In theory, the generated machine code could be faster. Since we are using an array of function pointers, there is no way for the compiler to inline the actual composed function call. But it isn’t by any means slow either.

# Other Functions

From this, and the last post, we have the working for both direct access operators into a tuple and iterative operators into a tuple. From there we can define a whole host of functions.
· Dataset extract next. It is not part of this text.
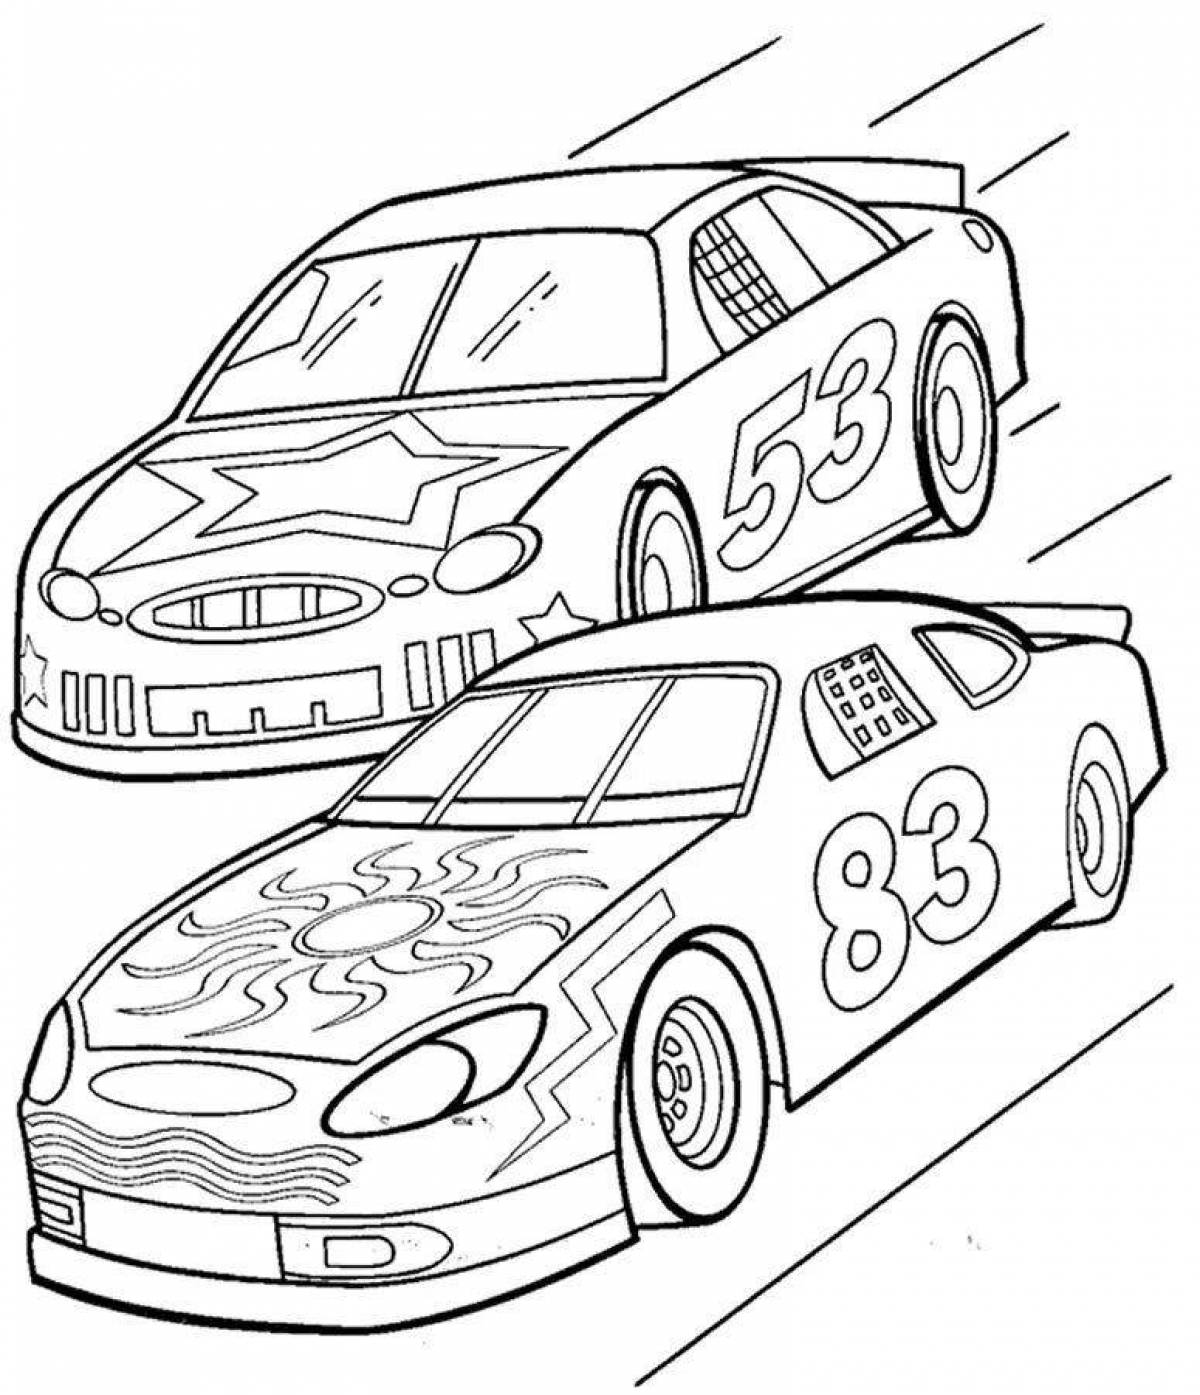 Impressive racing car coloring book for kids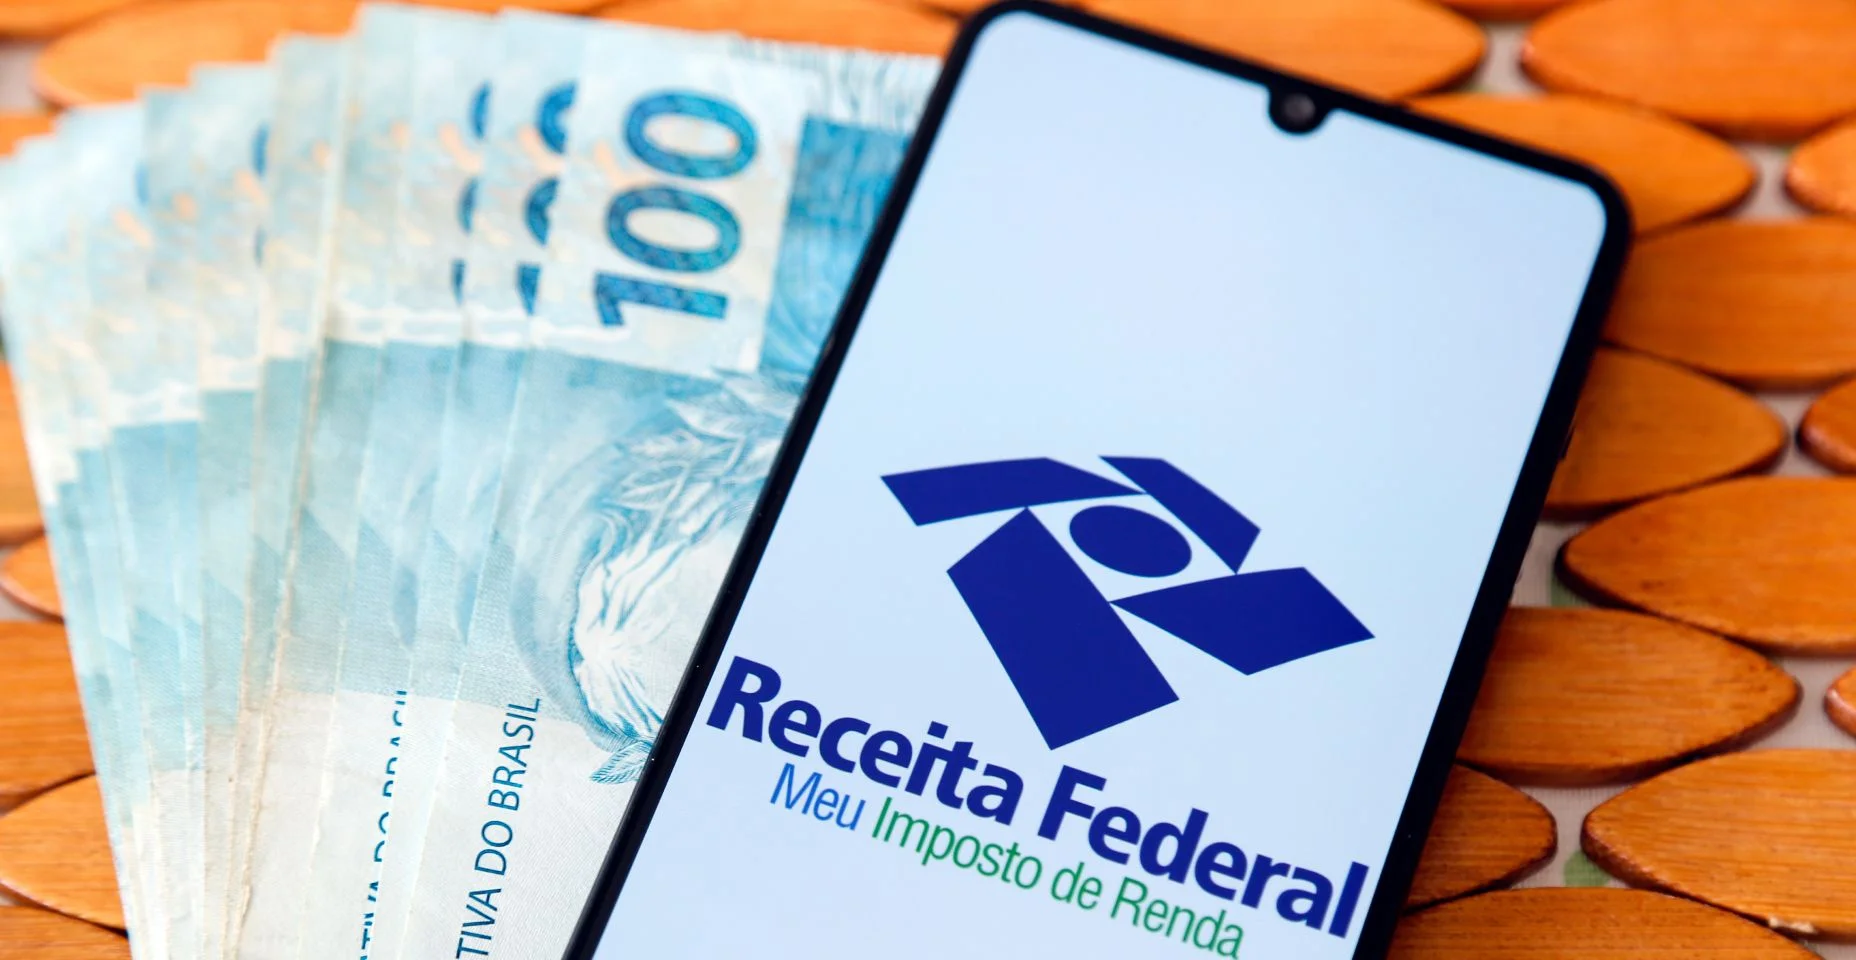 Logotipo da Receita Federal na tela do celular e notas de dinheiro brasileiro

**iterate_i**: Iterate, except we pass the index into the functor as well.**get**: Implemented nearly identically to run, except with a return value. Note that all possible functions must return types convertible to the one we wish to be returned from get.**to_vector**: Equivalent to creating a vector the same size as the tuple, and then calling ‘get’ into each spot in that vector.**fold**: Since we are using functors, fold doesn’t really do anything that iterate can’t do. What it does though is, given a starting value, pass that value into the first elements function, which returns a value of the same type. The new value is passed into the second value, and so on. Fold makes a lot of sense in languages with semantics which forbid side effects, but since functors don’t really impose these limitations, it’s more of an exercise than a necessary tool.

# Parting Words

It is worth noting, that just because you *can* do these things, doesn’t mean you *should*. If you need this sort of functionality, it is worthwhile to take a step back and evaluate whether you might want to use another language construct. There are times when tuple based functionality like this is very useful, but it is no replacement for class inheritance/virtual members.

Also you should understand the resource implications of heavy template use. We are creating a jump table and needed functions for every combination of tuple and functor used. For each type in your tuple, the functor is creating a function too. It is a very powerful set of constructs which give very fast execution times, however it comes at the cost of heavy code replication in the resulting assembly.

# Source

Source from this post, including the demo at the top, can be found here. A header file with the given tuple transforms is here.

# Corrections:

mttd pointed out that a few of the functors were operating with int, when size_t is more appropriate.